Era la prima volta nella storia sovietica che
una moglie partecipava a uscite pubbliche e
lei risultò una donna semplice e aperta come
tante americane. Visitai gli Usa un’altra volta, con mio marito Aleksej Adzhubei, allora
direttore del giornale governativo Izvestia,
su invito dei Kennedy. Ricordo una sera, dopo cena, con la coppia presidenziale John e
Jacqueline che ci mostrava la loro piccola figlia Carolina. Dormiva in un lettino al quale
era appeso un rosario donatole da Giovanni
XXIII uguale a quello regalatoci dal Pontefice, per i nostri figli, nel marzo 1963».
La famosa udienza in Vaticano che creò
tante polemiche...
«Sì. Fu una visita preparata da tempo nei
dettagli, il primo contatto importante tra
Urss e Vaticano. Il corrispondente dell’Izvestia, Leonid Kolosov, che poi scoprimmo
agente del Kgb, e l’ambasciatore in Italia
Kozyrev ci relazionarono sulla situazione. Sapevamo che in Vaticano c’erano due fazioni:
una favorevole e l’altra contraria al nostro incontro. A Mosca erano stati preparati i documenti necessari, compresa una missiva per il
Santo Padre. L’udienza era programmata in
occasione della consegna a Giovanni XXIII
del Premio Balzan per la pace. Io e mio marito eravamo fra i 40 giornalisti invitati. Fino
all’ultimo non fummo sicuri dell’incontro
col Papa. Le diplomazie ebbero contatti frenetici. Si definirono anche alcune condizioni: tra queste, nessun articolo sul giornale. In
Vaticano, dopo la cerimonia, si invitarono
gli ospiti a uscire: a noi invece fu detto di attendere. Pochi minuti e arrivò un responsabile del protocollo, poi una seconda persona.

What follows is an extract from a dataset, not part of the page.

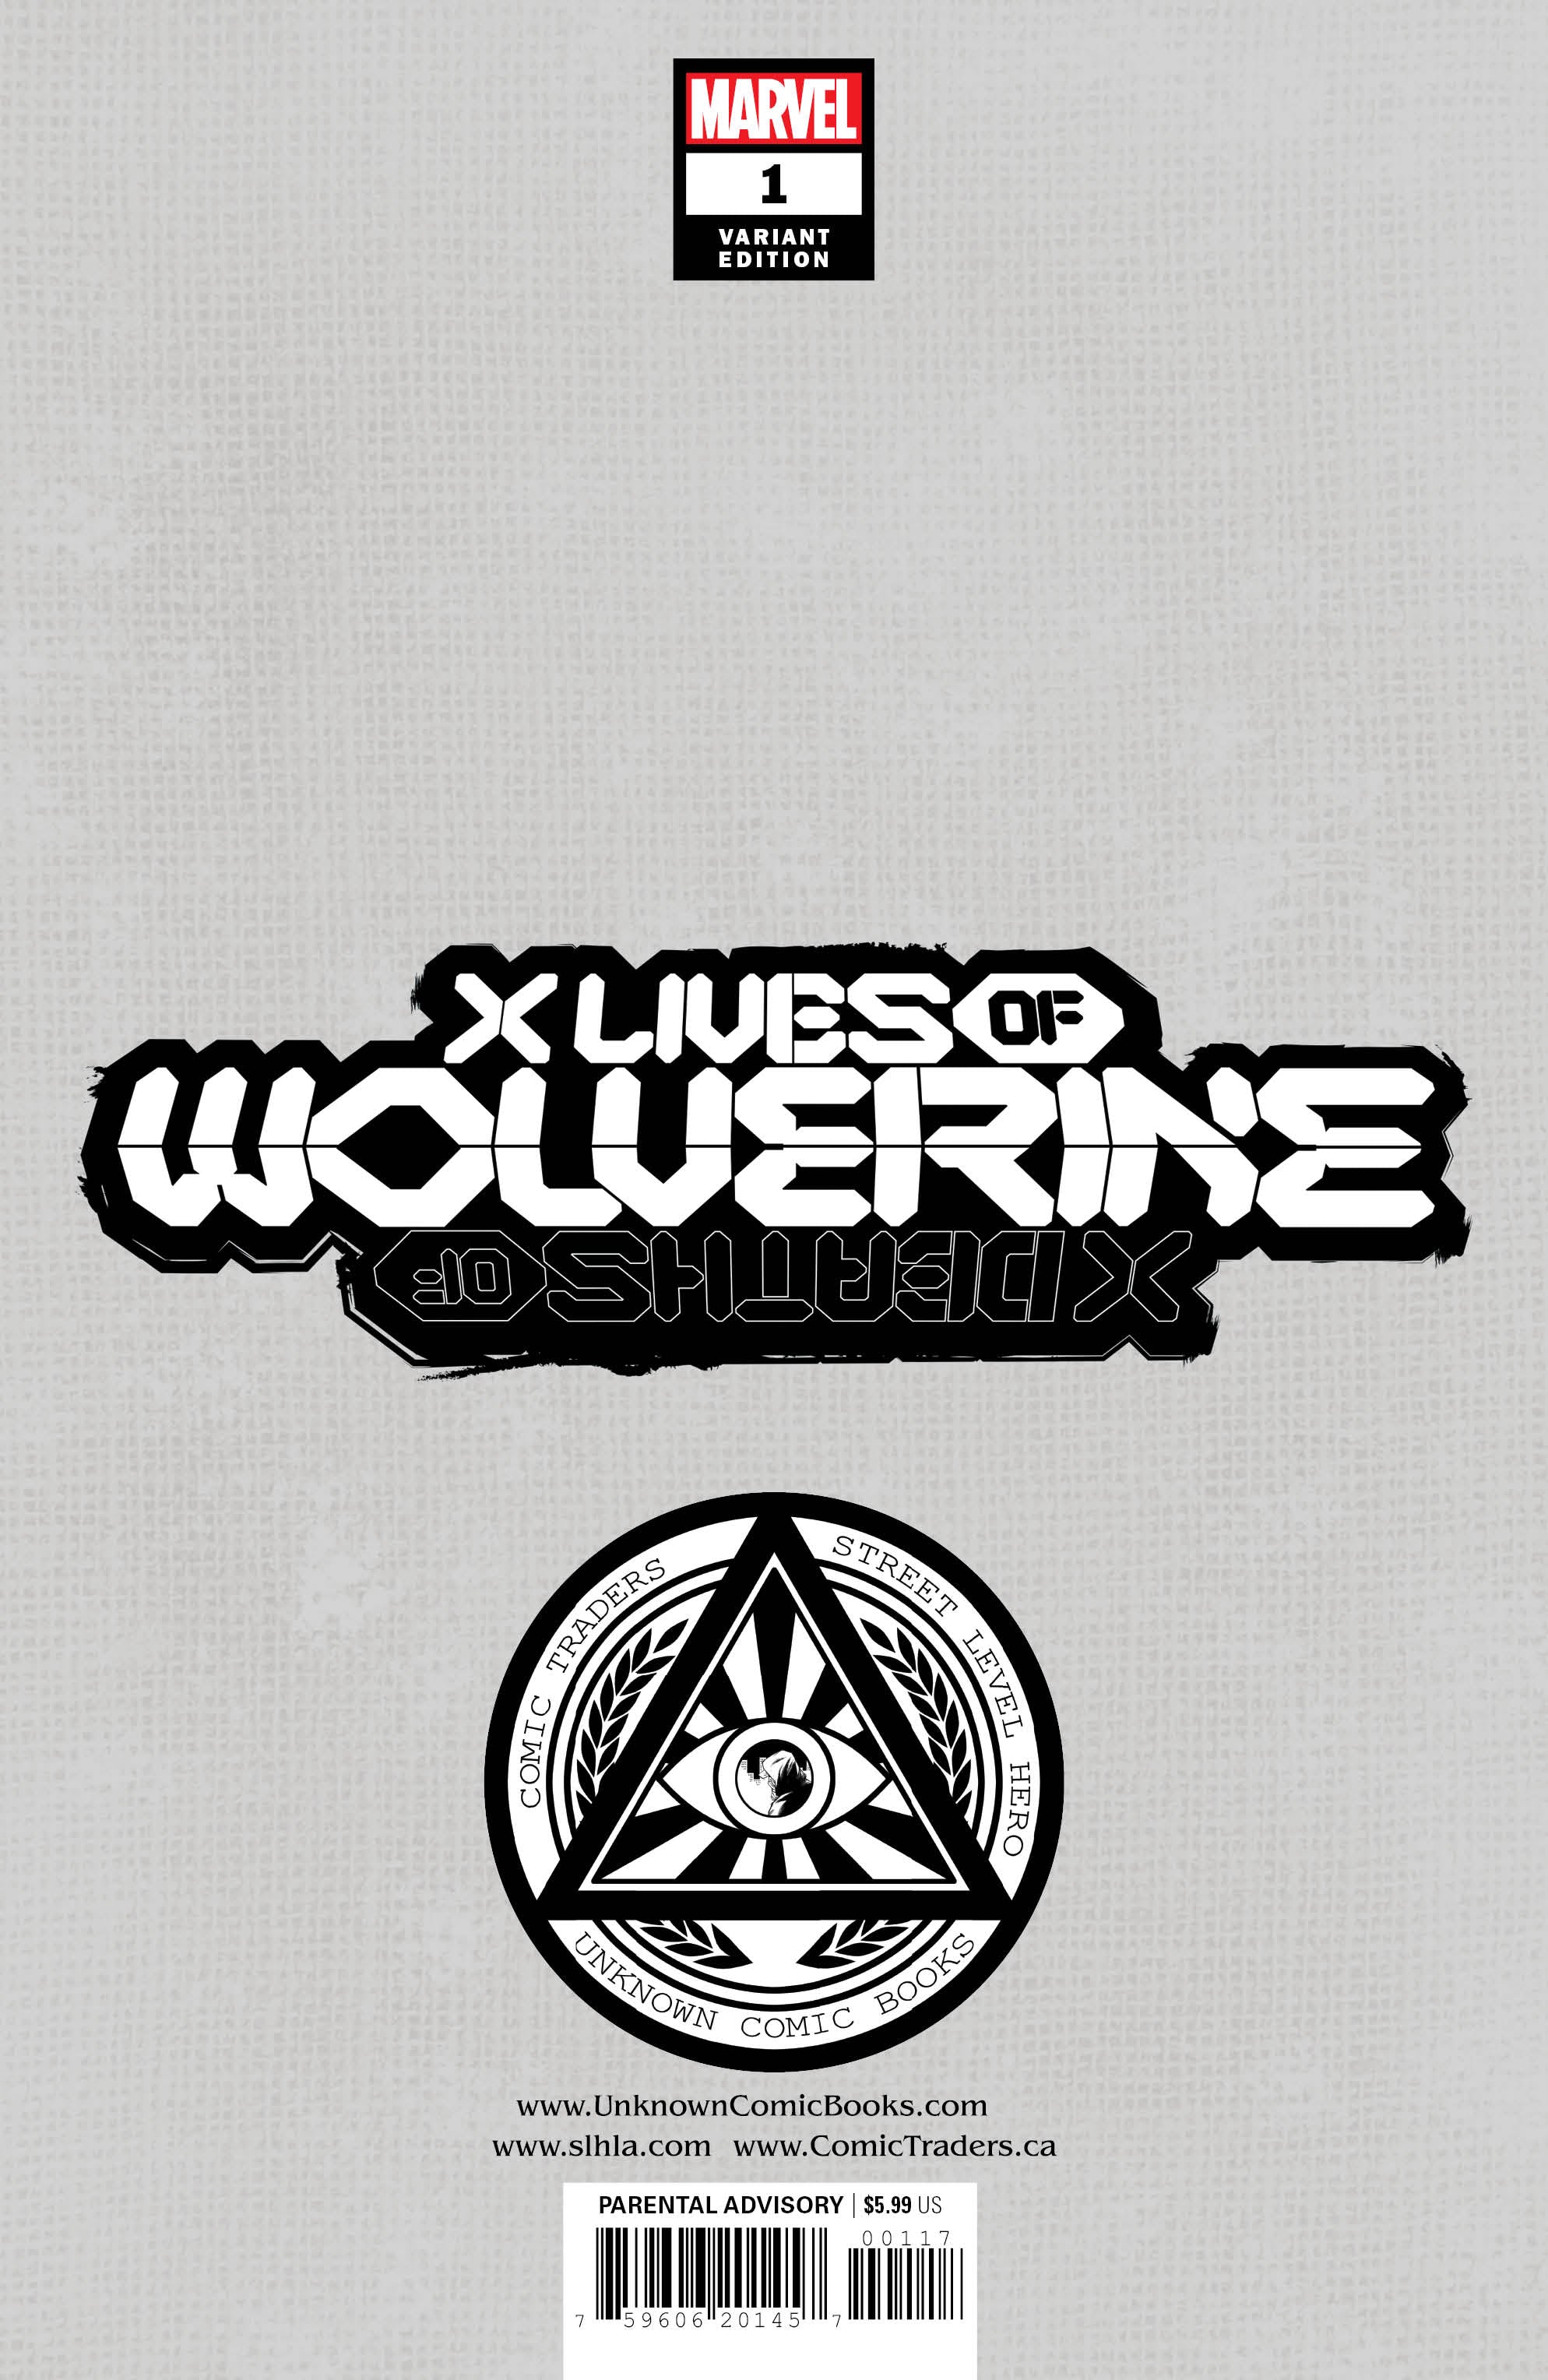 4 PACK X LIVES OF WOLVERINE 1 / X DEATHS OF WOLVERINE 1 UNKNOWN COMICS TYLER KIRKHAM EXCLUSIVE VAR (01/26/2022)

Il primo voleva che mio marito baciasse
l’anello papale ma lui rispose che non era cat-
tolico. Fummo accompagnati fino a una porta pesante. Giovanni XXIII era lì, in piedi ad
aspettarci. Ci fece segno con le mani di accomodarci. Eravamo presenti solo mio marito,
io e il gesuita Koulik, come traduttore. Ci sedemmo sulle poltrone. Aleksej porse al Papa
la missiva di mio padre. C’era un messaggio
in russo in cui si elogiavano gli sforzi del Papa per la pace. In risposta, Giovanni XXIII
ci diede una lettera in cui, in modo generico,
era scritto che se un giorno Krusciov fosse
stato in Italia si augurava di trovare tutti il
tempo per incontrarlo ed enunciava la speranza di futuri passi per un avvicinamento.
Poi il Papa ci ha rivolto alcune domande. Ha
osservato che lui e mio padre avevano comuni origini contadine e avevano visto due conflitti mondiali. Mi ha chiesto di ripetergli i
nomi dei miei figli, cui inviò una benedizione. A me regalò dei rosari, a mio marito monete. Alla fine ci accompagnò alla porta.

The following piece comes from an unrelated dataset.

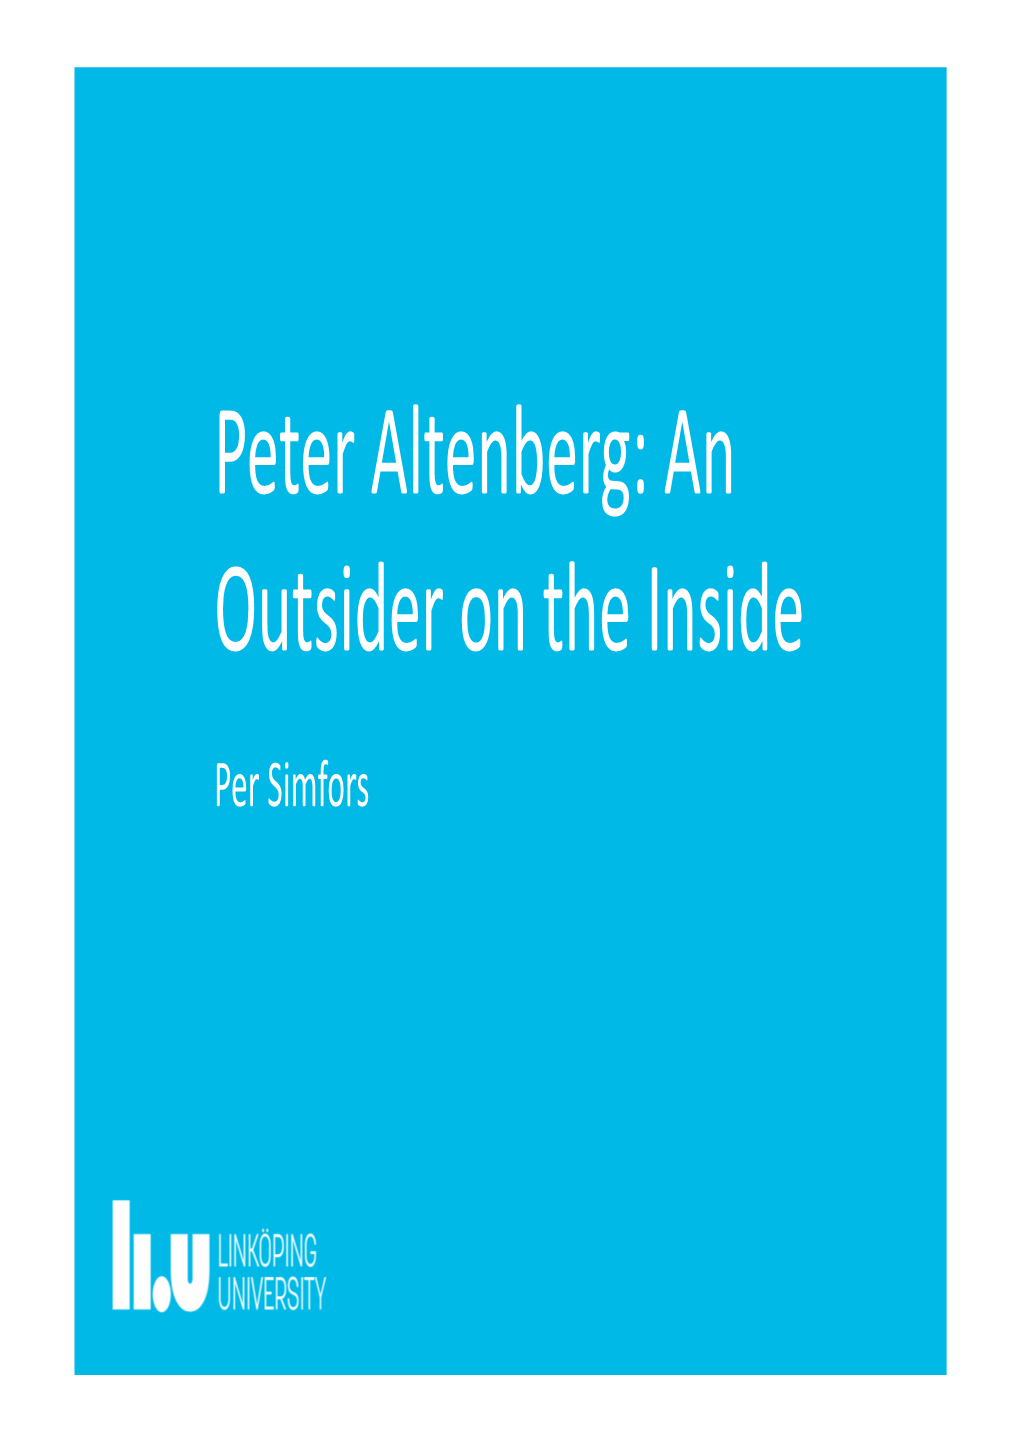 Peter Altenberg: an Outsider on the Inside

Quello che successe dopo è noto. In realtà
Giovanni XIII espresse bene il problema della pace nella Pacem in terris».
Proprio l’enciclica nata durante la crisi
di Cuba, quando suo padre decise il ritiro
dei missili al largo dell’Avana, forse anche
in seguito agli appelli alla pace di Giovanni XXIII. Ha memoria di quel periodo?
«Parrà strano ma eravamo all’oscuro del
pericolo che si stava profilando. A casa non
se ne parlò mai. Mentre il mondo temeva la
fine, da noi nessuno si rendeva conto della
realtà. I mezzi d’informazione ignoravano
ciò che succedeva e in piena crisi, su invito
di Krusciov, i dirigenti politici andavano insieme a teatro. Io stessa ho capito la gravità
di quel momento solo pochi anni fa, a un incontro con esperti russi e americani».

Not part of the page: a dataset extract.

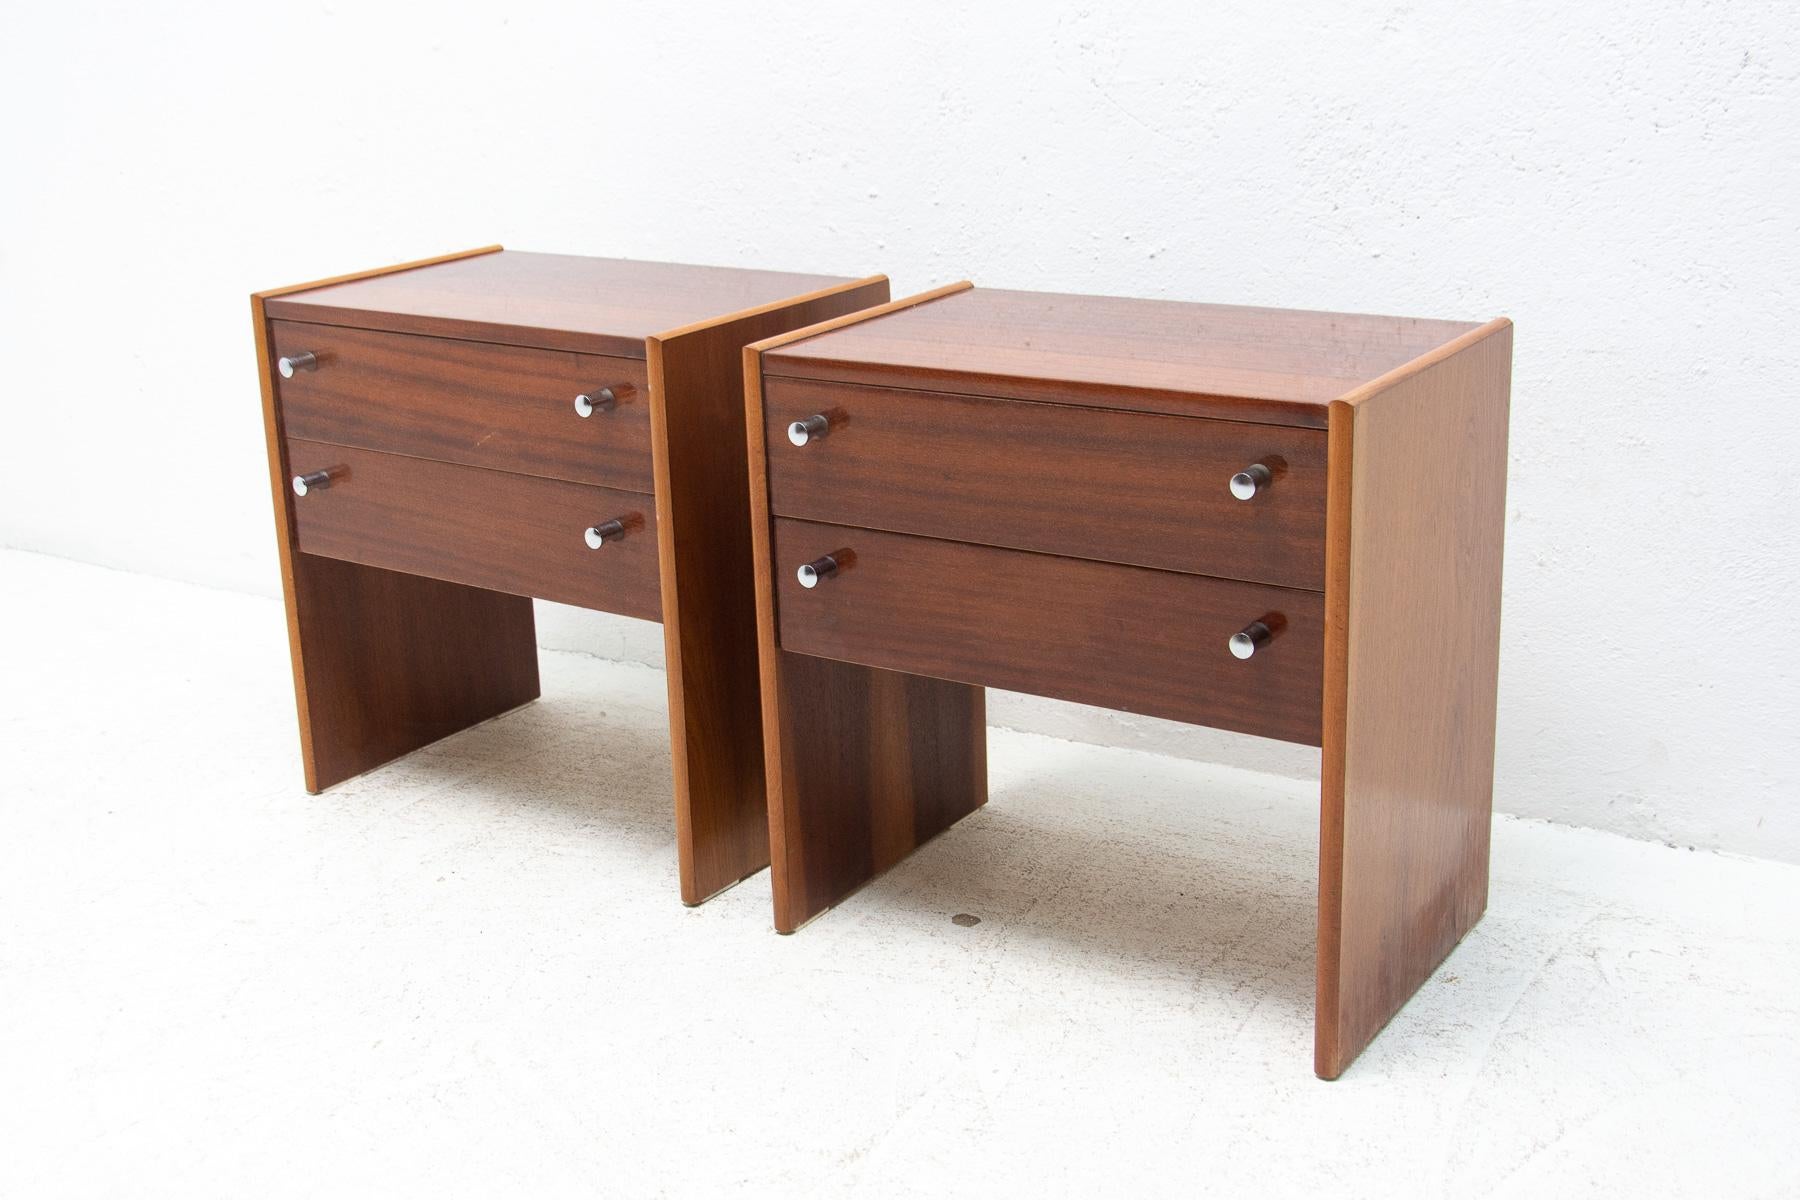 These Vintage bedside tables were made by UP Zavody company in the former Czechoslovakia in the 1980´s. Features a simple design, mahogany veneer. Overall in very good Vintage condition. Price is for the pair.

Measures: Height: 50 cm

width: 50

Per quale vero motivo suo padre fu forzato a dimettersi?
«È più esatto dire che era già in età abbastanza avanzata e non godeva di buona salute. Soffriva anche perché le riforme da lui
ideate zoppicavano, per le resistenze dei burocrati dell’apparato statale e del partito. In
famiglia accennava a possibili passaggi di
consegne a persone più giovani. Fece anche
qualche nome. Pensava a una Costituzione
per sostituire quella staliniana del 1936 e a introdurre il principio dei cambi al vertice del
potere dopo un certo numero di anni, con le
conseguenti dimissioni di alcuni pezzi grossi. Ma i suoi rivali agirono prima di lui. Congedandosi da loro, poté dire: “Il fatto stesso
che potete mandarmi in pensione è una delle mie più grandi conquiste”».
Poi, gli ultimi anni, vissuti in una dacia
fuori Mosca...
«Solo poche persone poterono incontrarlo. Dettò al registratore le sue memorie. Il
Kgb cercò più volte d’impadronirsi dei nastri originali: nuovi dirigenti politici temevano informazioni negative su di loro. Lui invece evitò giudizi di carattere personale. Quando si ammalò, rimasi con lui e fui l’ultima a
vederlo pochi minuti prima della morte».
Quali i punti di forza e le debolezze di
Nikita e che direbbe della Russia odierna?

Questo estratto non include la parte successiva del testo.